Действительно, эта скорее миловидная, чем красивая дама, невысокая, но умеющая придать своей осанке царственность, с ясным, звучным голосом, чёткой речью, простыми и торжественными движениями создавала у зрителя впечатление, что всё в её роли слишком тщательно «подогнано». Тот же Дора в стихотворении, где сравниваются Дюмениль и Клерон, замечал о последней, что «в ней выверено всё: тон, жесты и молчанье», игрой актрисы нельзя не любоваться, ведь «искусственность — и та правдива у неё». Но в зрительском наслаждении подобным искусством, по мысли поэта, участвует ум, а не душа: «все восхищены, но не увлечены».

Сама актриса была не слишком довольна парадностью своей манеры. Она попыталась придать ей больше простоты и сразу убедилась, что роскошные одежды, в которые по заведённому обычаю обряжены древние римлянки и гречанки отечественных подмостков, ей очень мешают. Когда же в вольтеровской «Электре» она вышла на сцену без фижм, с полуобнажёнными руками, автор был в восторге: «Это не я, это она сама создала роль!». Тем не менее он всячески упрашивал её вернуться к уныло монотонной распевности прежнего стиля.

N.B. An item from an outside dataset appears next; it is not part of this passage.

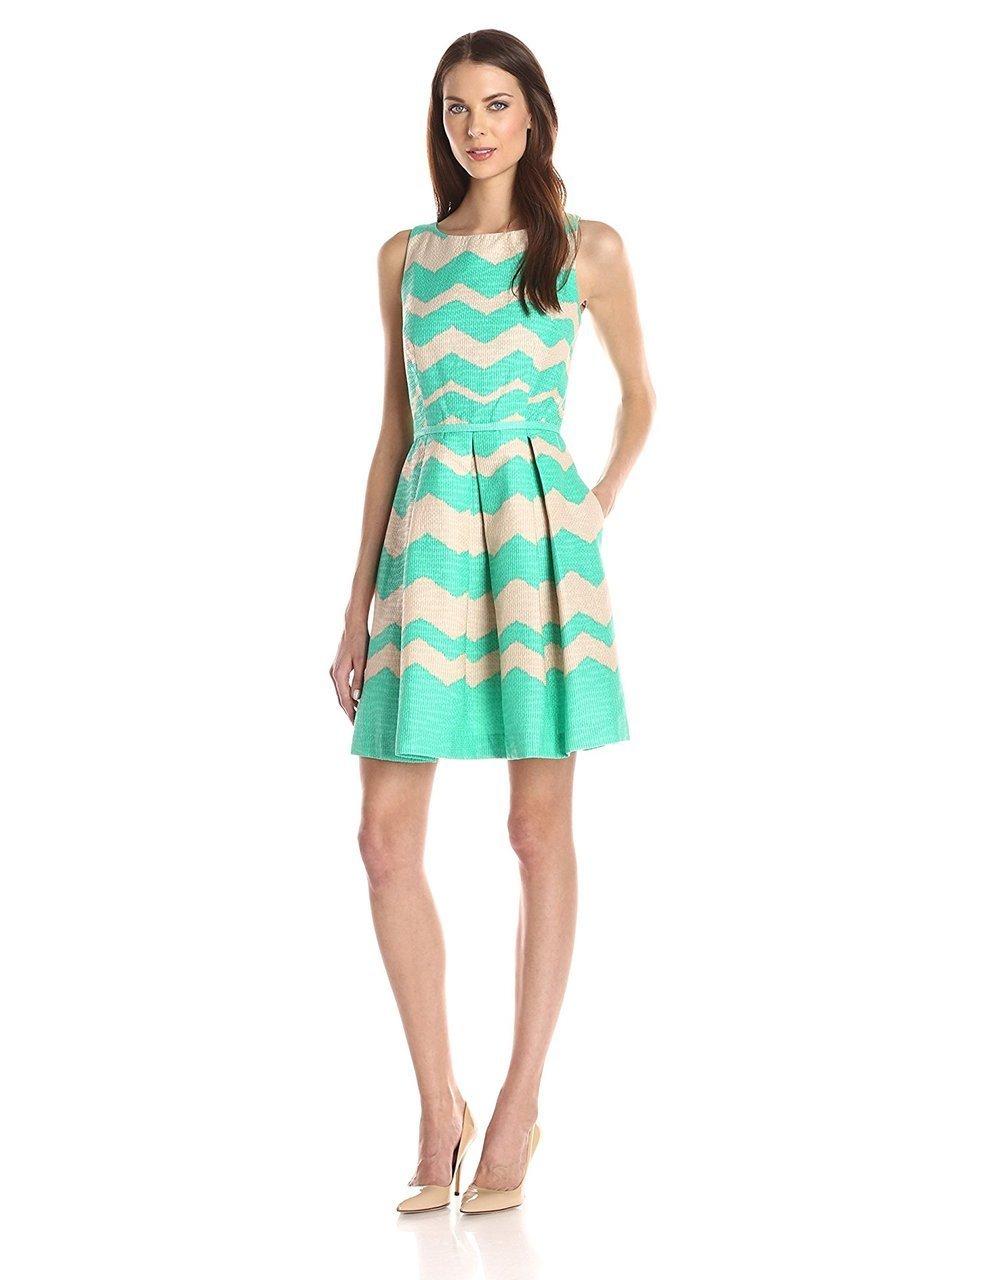 Taylor - Pleated Chevron Jacquard Dress 5445M
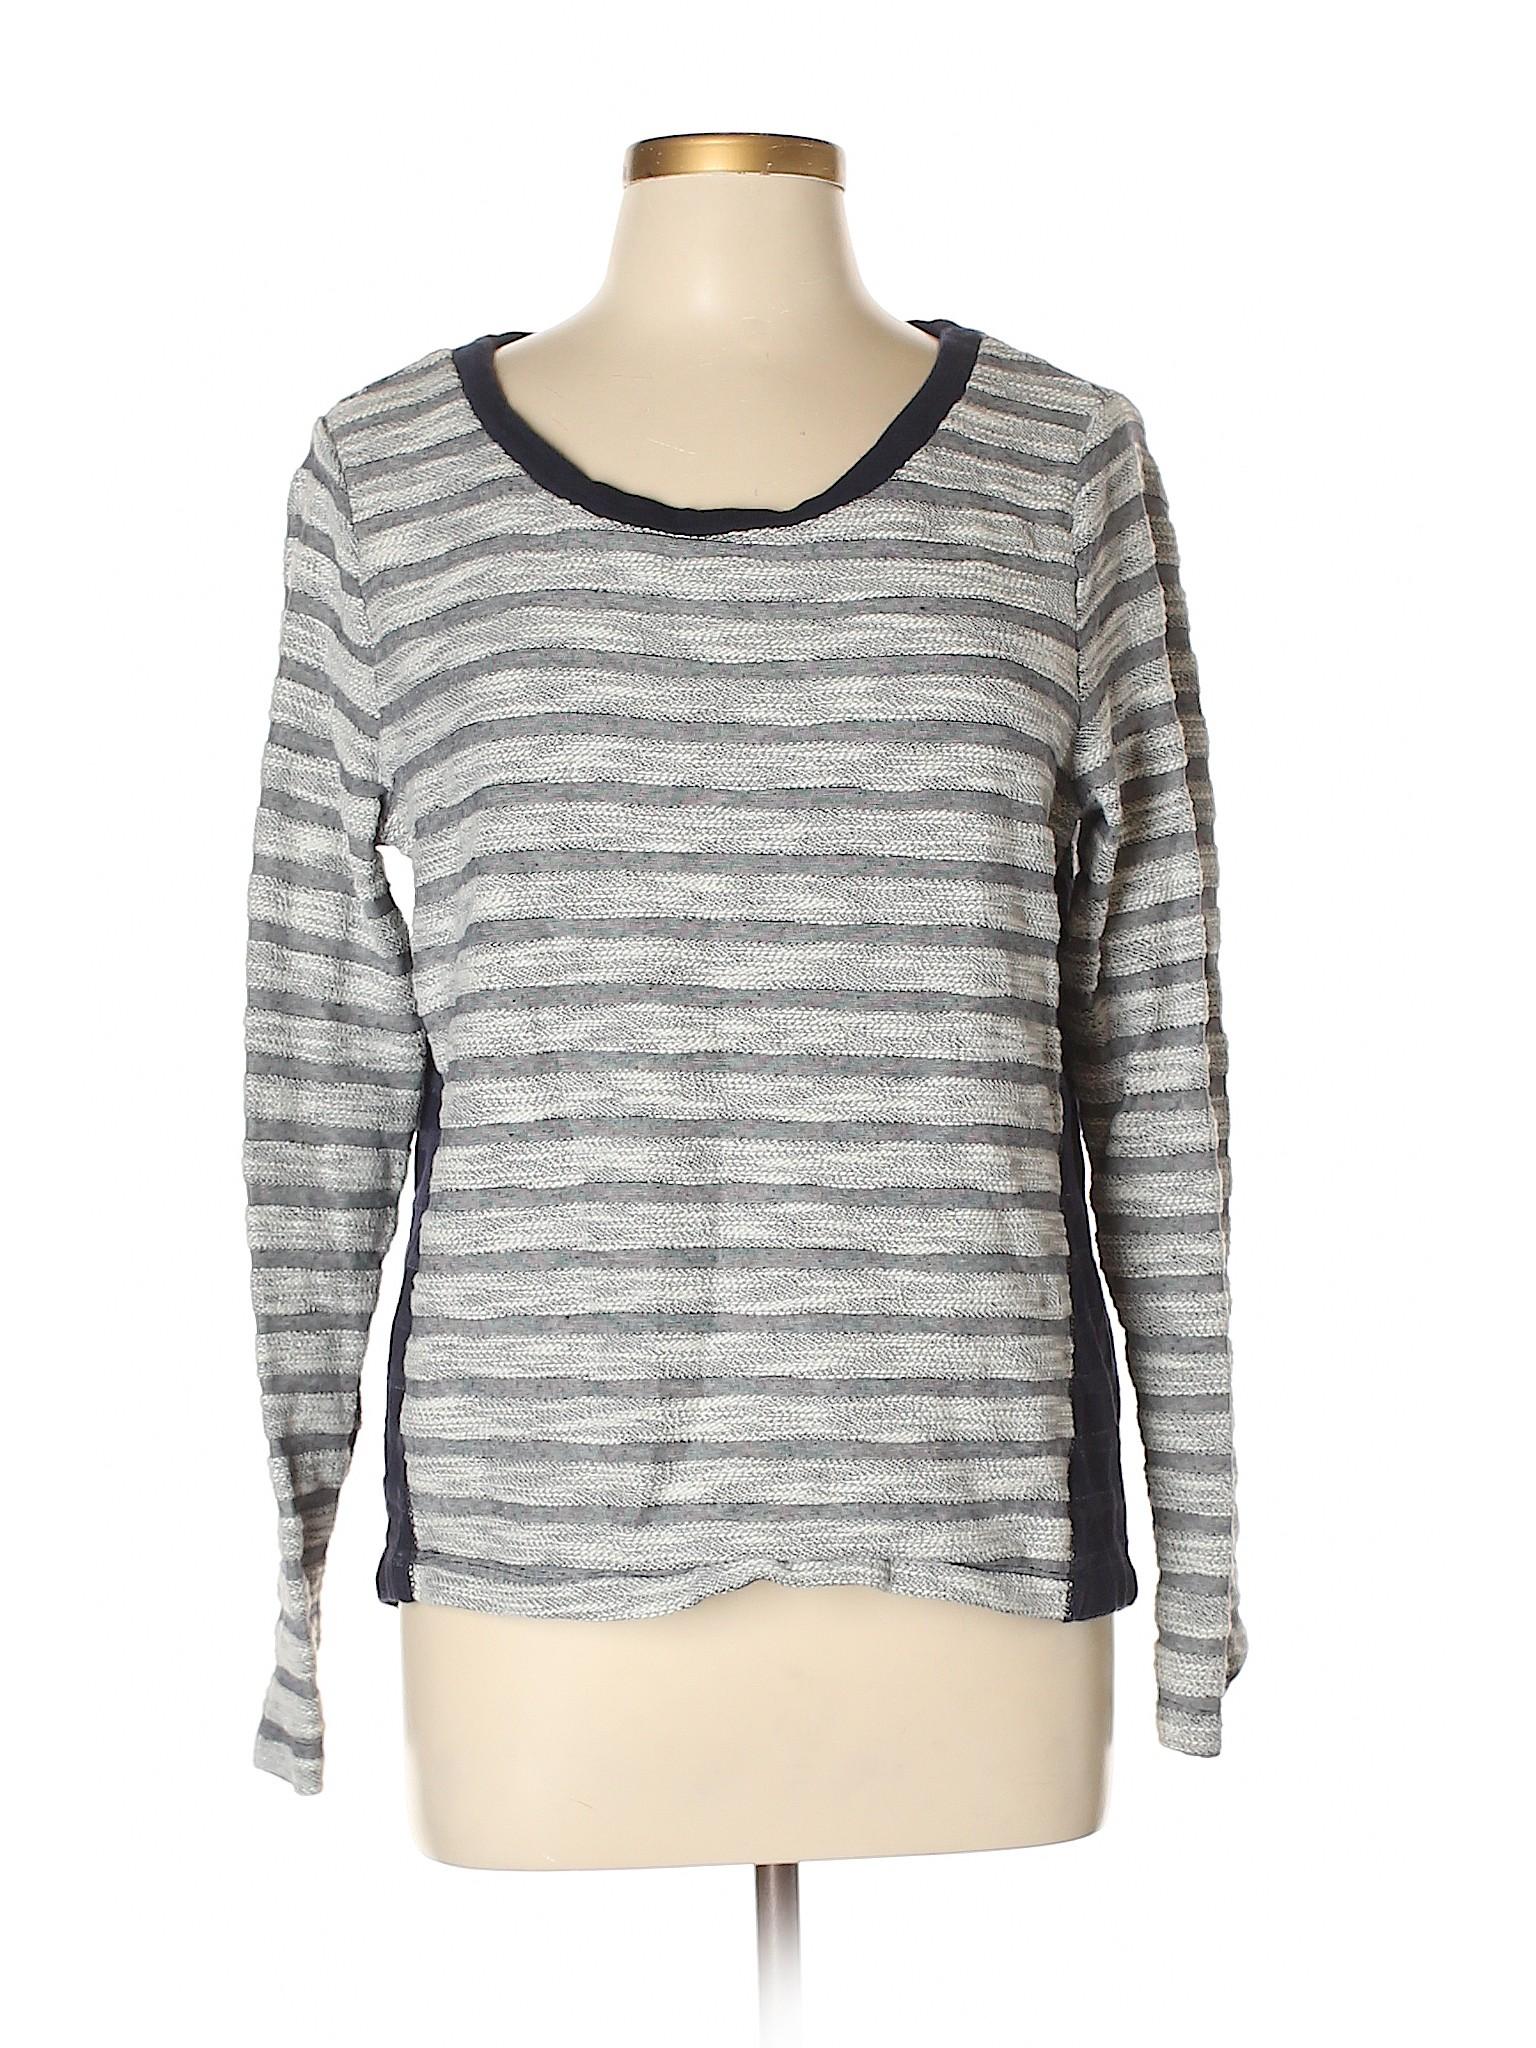 Gap Gap Boutique Sweater Pullover Boutique Gap Boutique Pullover Sweater WqYtxEHZp

Никем не ободренная, Клерон возвратилась к своим добросовестным штудиям, сверяя каждый жест, интонацию, мимический штрих с тем, что делали на этом пути предшественницы. Например, играя Мониму в расиновском «Митридате», она, как явствует из её «Мемуаров», была смущена словами героини о том, что боги трижды внушали ей спасительную стойкость, помогая сокрыть от влюблённого в неё тирана опасную сердечную склонность к его сыну. Однако в тексте предыдущего явления, где всё это происходит, героиня уклоняется от рискованного признания лишь дважды. Может, думала Клерон, автор просто отдавал предпочтение числу «три» перед «двумя»? Ведь и то, и другое свободно ложится в строку, не портя, как она была убеждена, ни звучания, ни размера.

Ответа на этот вопрос Клерон не нашла ни в книгах, ни в устном предании. Однако она проверяла: все предшественницы говорили «трижды». Тогда Клерон решилась на нововведение: третью попытку героини воздержаться от признания она стала передавать безмолвной мимической игрой.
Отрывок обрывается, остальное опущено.